Fig. 5: Generation and characterization of chimeric WMHBV/HBV viruses.

A Schematic of HBV, WMHBV and HBV/WMHBV preS1[1–48] chimeric virus genomes. The preS1 open reading frame together with preS2 and S inside of the polymerase gene are shown. B Biochemical characterization of WMHBV, HBV and HBV/WMHBVpreS1 (1–48) chimeric viruses by sucrose density gradient centrifugation. HBV DNA levels were shown as mean of two biologically independent experiments. Sucrose concentration in each fraction was tested three times and was shown as mean ± s.e.m. C Transmission electron microscopic images of HBV, WMHBV and HBV/WMHBV preS1[1–48] chimeric virions. A 2 μl sample from fraction 6 separated by sucrose density gradient centrifugation was used. The experiments were repeated twice independently with similar results and the representative images were shown. D Schematic (Created with BioRender.com.) representation of the virion binding and entry assay. HBV, WMHBV and HBV/WMHBV preS1[1–48] chimeric virion binding (E) and entry (F) using HepG2 cells expressing marmoset NTCP. HepG2 cells lacking NTCP expression were used as controls. Bars depict mean of 6 biologically independent experiments (n = 9 for control group in (E) and n = 5 in chimeric virus group in (F) and error bars represent s.e.m. Unpaired t test, two-tailed. The dash lines indicate the low limit of the detection. ND not detected. G HBsAg detection in supernatants of HBV- or HBV/WMHBV preS1[1–48]-infected (MOI = 8000) HepG2 marmoset NTCP cells. Bars depict mean of 4 biologically independent experiments and error bars represent s.e.m. The dashed line indicates the low limit of the detection. H HBV cccDNA detection by Hirt DNA extraction, T5 exonuclease and HBV cccDNA specific qPCR. Bars depict mean of 3 biologically independent experiments and error bars represent s.e.m. The dash line indicates the low limit of the detection. ND not detected. I Southern bot assay of intracellular HBV DNA replication intermediates after infection.
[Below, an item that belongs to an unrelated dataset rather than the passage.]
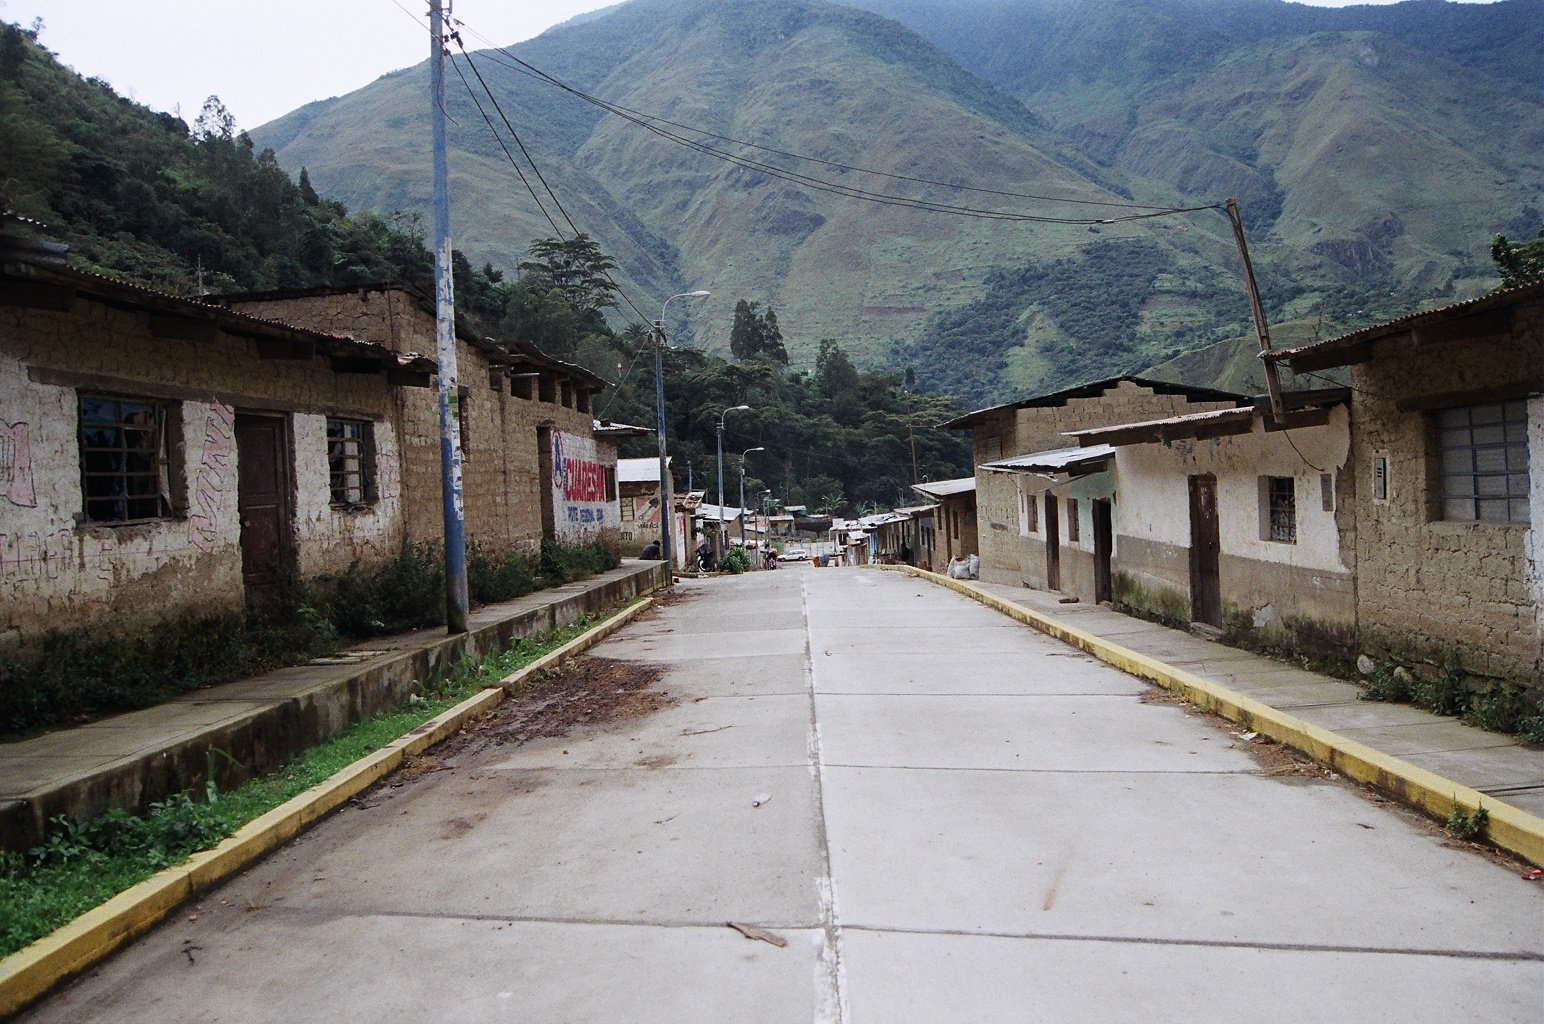   Santa Teresa, Peru. &nbsp;35mm film, 2014.

The experiments were repeated twice independently and the uncropped gels were shown in the supplementary Fig. 12. J Multiplexed HBV RNA in situ hybridization (ISH), HBc and NTCP immunohistochemistry (IHC) assays using formalin-fixed, paraffin-embedded (FFPE) cell pellets. Representative positive signals were indicated by arrows (HBV RNA, brown; HBc, purple). At least 3 images from different fields were taken from which the representative images are shown. Source data are provided as a Source Data file.